On Monday, President Barack Obama’s Treasury Department released sweeping new regulations effectively rewriting the tax code to make it even more difficult for U.S. companies to escape the double taxation on overseas earnings currently extracted by the IRS. Rather than trying to lower the U.S. corporate income tax rate—which is the highest in the industrialized world—the Obama administration wants to make it even more costly to do business in America.
The Obama administration wants to make it even more costly to do business in America.

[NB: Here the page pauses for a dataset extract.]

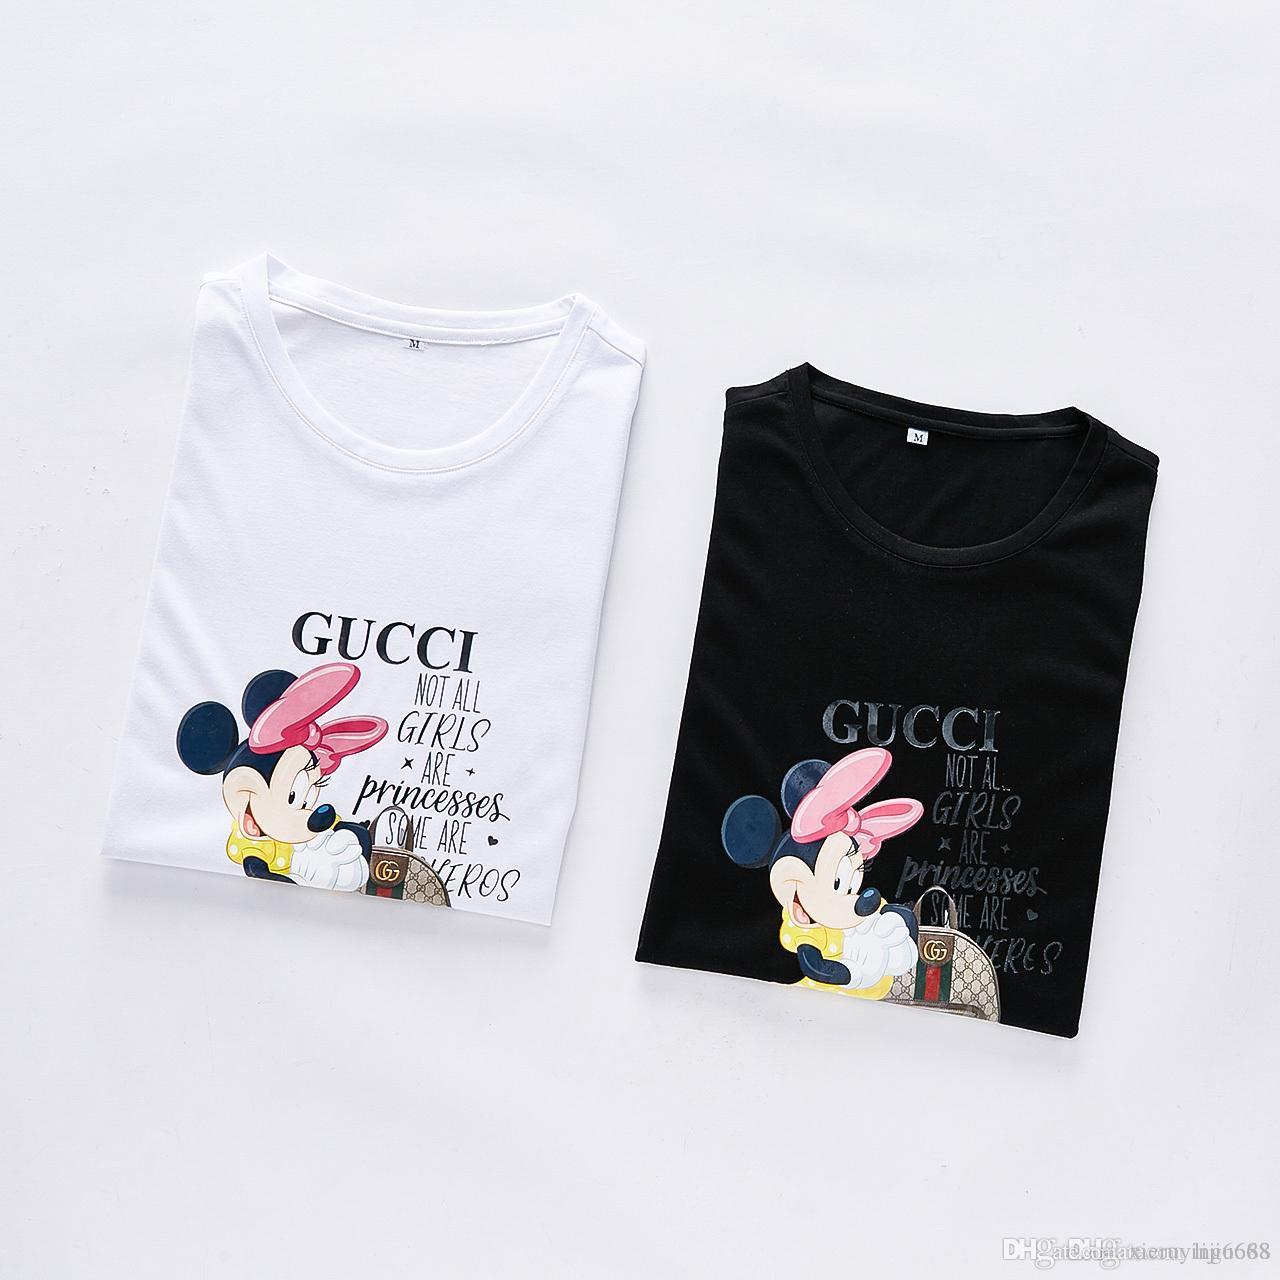 86441391c 2019 New Fashion Men T Shirt 3D Print Hip Hop Personality Anime Pattern  Casual Men'S T Shirt Clothing Summer Cotton Short Sleeve T Shir Tee Shirt  For Sale ...

Not to be outdone by the economic folly of their colleagues at the Treasury Department, bureaucrats at the Department of Labor have published 1,000 pages of new regulations—collectively called “the fiduciary rule”—targeting the investment industry that will make it more expensive and less likely for low and middle-income Americans to save for their future. Working Americans already face a host of obstacles that prevent them from saving for retirement or unexpected financial hardships, and observers from across the political spectrum agree that these new regulations will only further discourage private savings.
But as harmful as these policies will be for American families and businesses trying to get ahead in a still stagnant economy, the real scandal of these new sets of rules are the flagrant abuses of power that created them.

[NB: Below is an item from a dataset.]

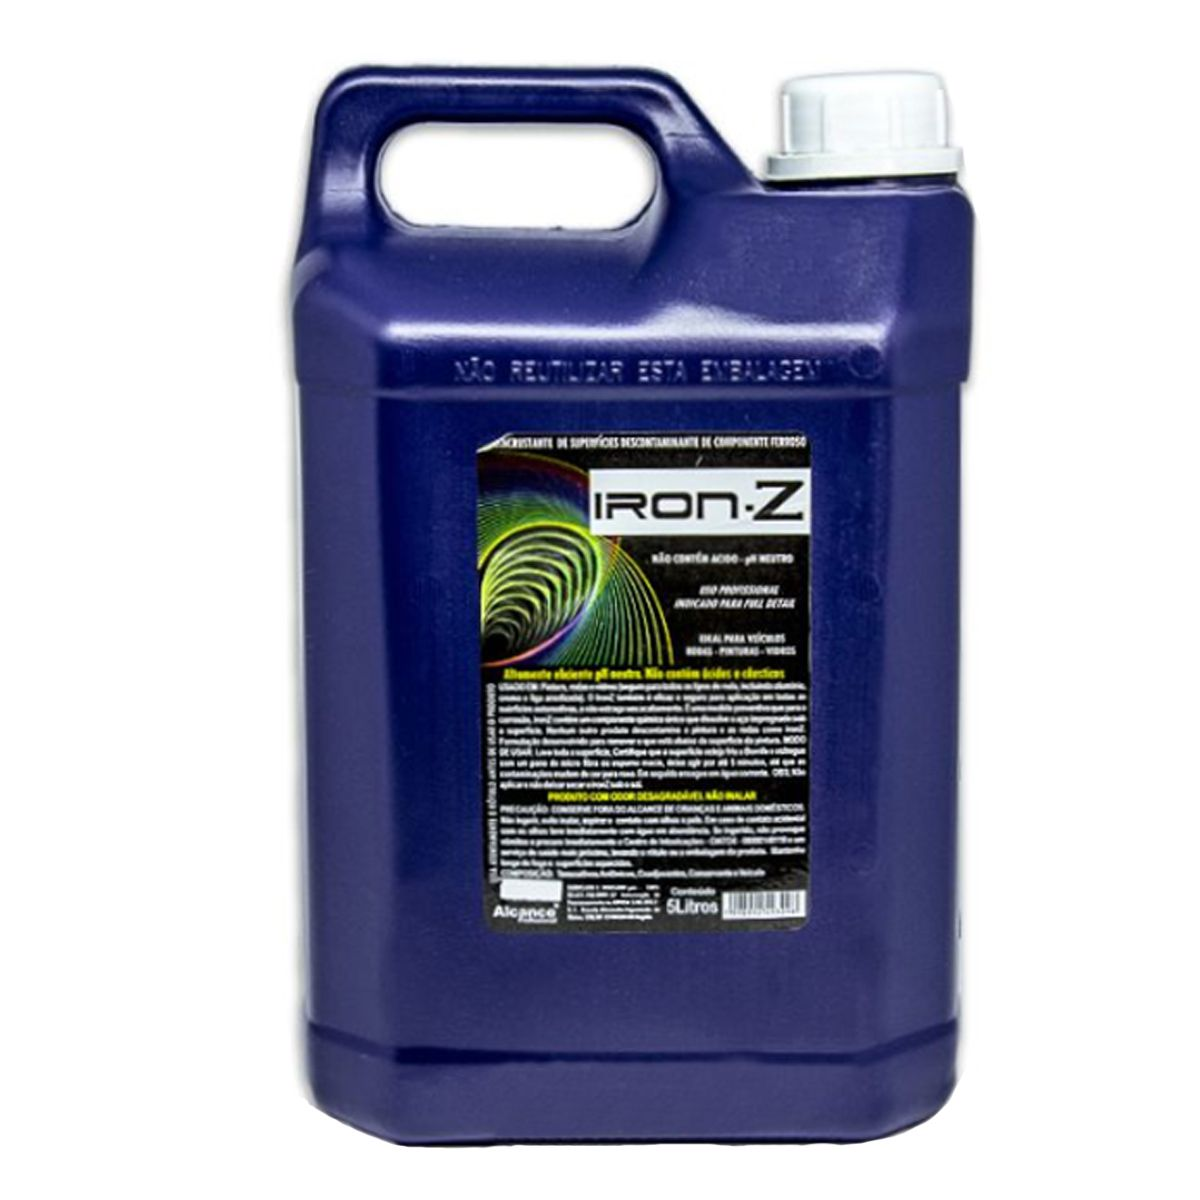 Desincrustante e Descontaminante Profissional Iron-Z 5 Litros Alcance

In 2014, Treasury Secretary Jack Lew said, “We do not believe we have the authority to address this inversion question through administrative action. […] That’s why legislation is needed.” This was not a groundbreaking statement: Everyone in Washington knows that the Secretary of the Treasury does not have the power to unilaterally change the tax laws just because he doesn’t like them. And yet that’s exactly what he did this week, with the blessing of Obama—abandoning his constitutional scruples and betraying his respect for Congress’ rightful role in writing tax policy in order to score cheap political points.
Likewise, the secretary of labor has no legitimate authority to regulate the transactions between brokers and their retail clients as it does in its new fiduciary rule. The Dodd-Frank so-called financial reform law of 2010 explicitly authorized the Securities and Exchange Commission to perform this function. And yet, because the SEC had not yet fulfilled this mandate under Dodd-Frank, the Department of Labor stepped in to fill the regulatory void.
This is not how the American people expect their government to work, because it’s not how the federal government is supposed to work. The rules and regulations governing American society—especially those that have a major impact on our economy—must be debated and passed by elected members of Congress, not negotiated by industry insiders and unelected regulators behind closed doors in the shadowy federal bureaucracy.
That’s why I recently joined nine colleagues from the House and Senate to launch the Article I Project, a network of conservative policymakers working together on a new agenda of government reform and congressional re-empowerment.
The Article I Project recognizes that the problem of executive-branch overreach is often the result of perpetual, intentional congressional under-reach, and it proposes that a reclamation of those Article I powers by the House and Senate can lead not only to a more responsible, trustworthy government, but to a healthier and happier republic.